Characteristic engineering concept:
Feature engineering transforms raw data into more representative data prediction model The process of features of potential problems can be realized by selecting the most relevant features, extracting features and creating features. Among them, feature creation is often realized by dimension reduction algorithm.
Purpose of Feature Engineering:
Reduce the calculation cost and increase the upper limit of the model
Feature selection feature_selection
Feature extraction, feature creation and feature selection
The first step of Feature Engineering: understanding the business
Four feature selection methods: filtering method, embedding method, packaging method and dimension reduction algorithm
1, Filter method
Filtering methods are usually used as preprocessing steps, and feature selection is completely independent of any machine learning algorithm. It selects features according to the scores in various statistical tests and various indicators of correlation.
1.1 variance filtering
1.1.1 VarianceThreshold
This is to filter the class of features through the variance of the feature itself. For example, if the variance of a feature itself is very small, it means that the samples have basically no difference in this feature. Maybe most of the values in the feature are the same, or even the values of the whole feature are the same, then this feature has no effect on sample differentiation.
No matter what the next feature engineering needs to do, the feature with variance of 0 should be eliminated first.
VarianceThreshold has an important parameter threshold, which indicates the threshold of variance and discards all features with variance less than threshold. If it is not filled in, it defaults to 0, that is, delete all features with the same record.
#View variance x.var()
Filter features with zero variance
from sklearn.feature_selection import VarianceThreshold selector=VarianceThreshold() X_var0=selector.fit_transform(X) X_var0.shape
#Output
>(42000, 708)
It can be seen that we have deleted the feature with variance of 0, but there are still more than 708 features left. It is obvious that further feature selection is needed. However, if we know how many features we need, variance can also help us make feature selection in one step. For example, if we want to leave half of the features, we can set a variance threshold to halve the total number of features. As long as we find the median of the feature variance and enter this median as the value of the parameter threshold:
Filter features with median variance
from sklearn.feature_selection import VarianceThreshold import numpy as np X_fsvar=VarianceThreshold(np.median(X.var().value)).fit_transform(X) x_fsvar
#Output
>(42000, 392)
When the feature is a binary classification, the value of the feature is Bernoulli random variable, and the variance of these variables can be calculated as:
Where X is the feature matrix and p is the probability of a class of binary classification features in this feature.

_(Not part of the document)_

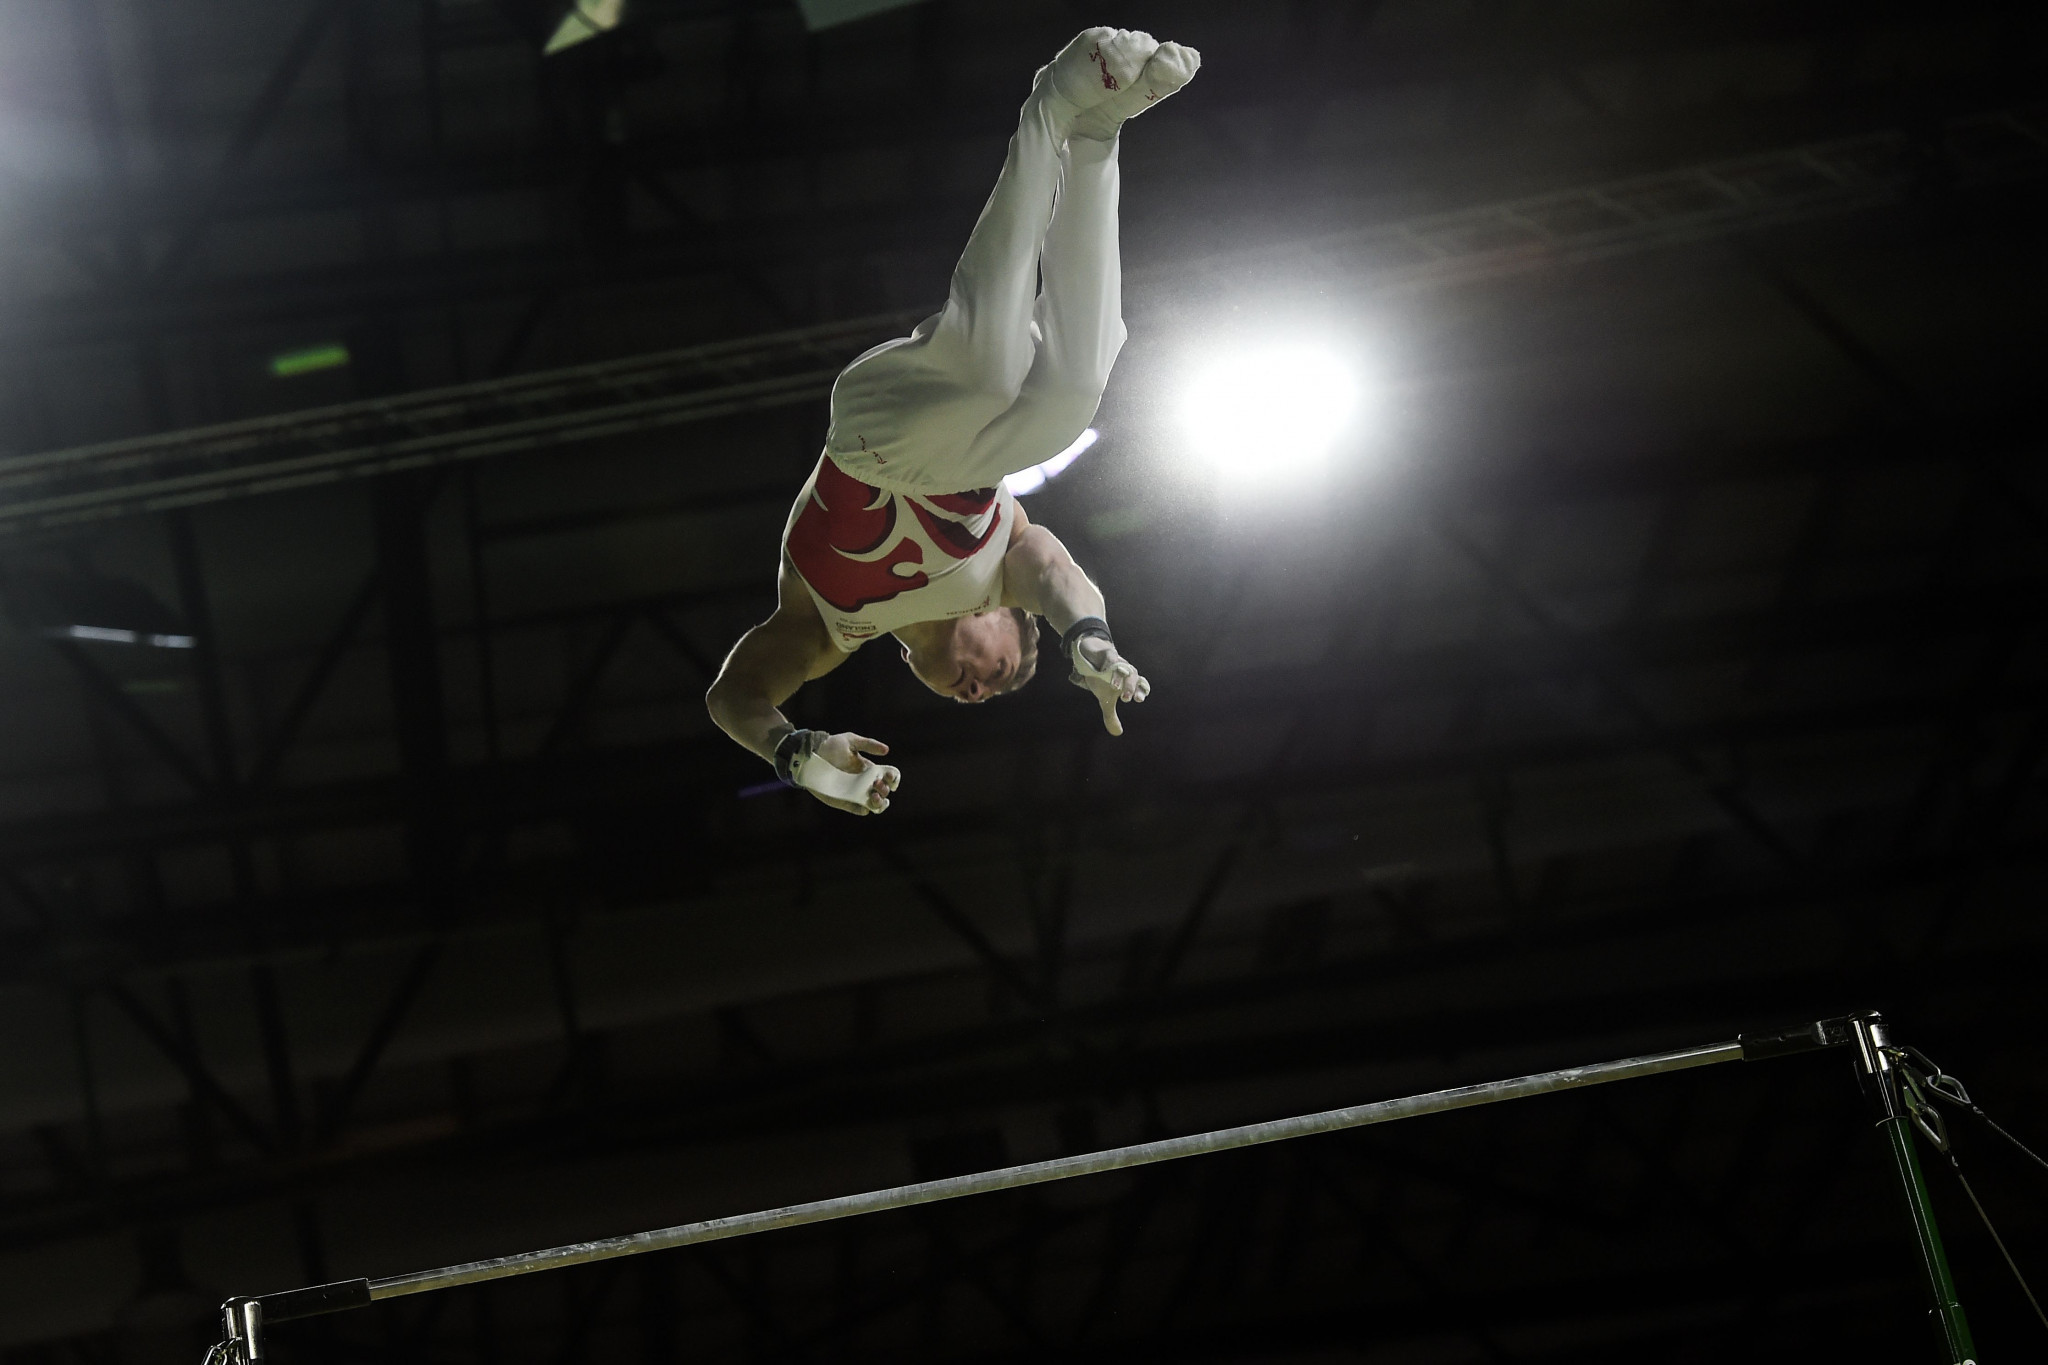 Nile Wilson claimed his third gold medal with victory in the men's horizontal bar event ©Getty Images

#If the feature is a Bernoulli random variable, assume p=0.8, that is, delete the feature when one of the two classification features accounts for more than 80% x_bvar = VarianceThreshold(.8*(1-.8)).fit_transform(x) x_bvar.shape >(42000, 685)
1.1.2 influence of variance filtering on the model
The influence of variance filtering on the model is observed by comparing the effect and running time of KNN and random forest before and after variance filtering respectively
KNN is a classification algorithm in K-nearest neighbor algorithm. Its principle is very simple. It uses the distance between each sample and other sample points to judge the similarity of each sample point, and then classifies the samples. KNN must traverse each feature and each sample, so the more features, the slower the calculation of KNN.
1. Import module and prepare data
#Comparison of KNN vs random forest under different variance filtering effects from sklearn.ensemble import RandomForestClassifier as RFC #Random forest classification model from sklearn.neighbors import KNeighborsClassifier as KNN #KNN from sklearn.model_selection import cross_val_score #Cross validation import numpy as np #The same purpose as the initial data preparation X = data.iloc[:,1:] y = data.iloc[:,0] #Only half of the features are left. Find the median of the feature variance, and then enter this median as the value of the parameter threshold X_fsvar = VarianceThreshold(np.median(X.var().values)).fit_transform(X)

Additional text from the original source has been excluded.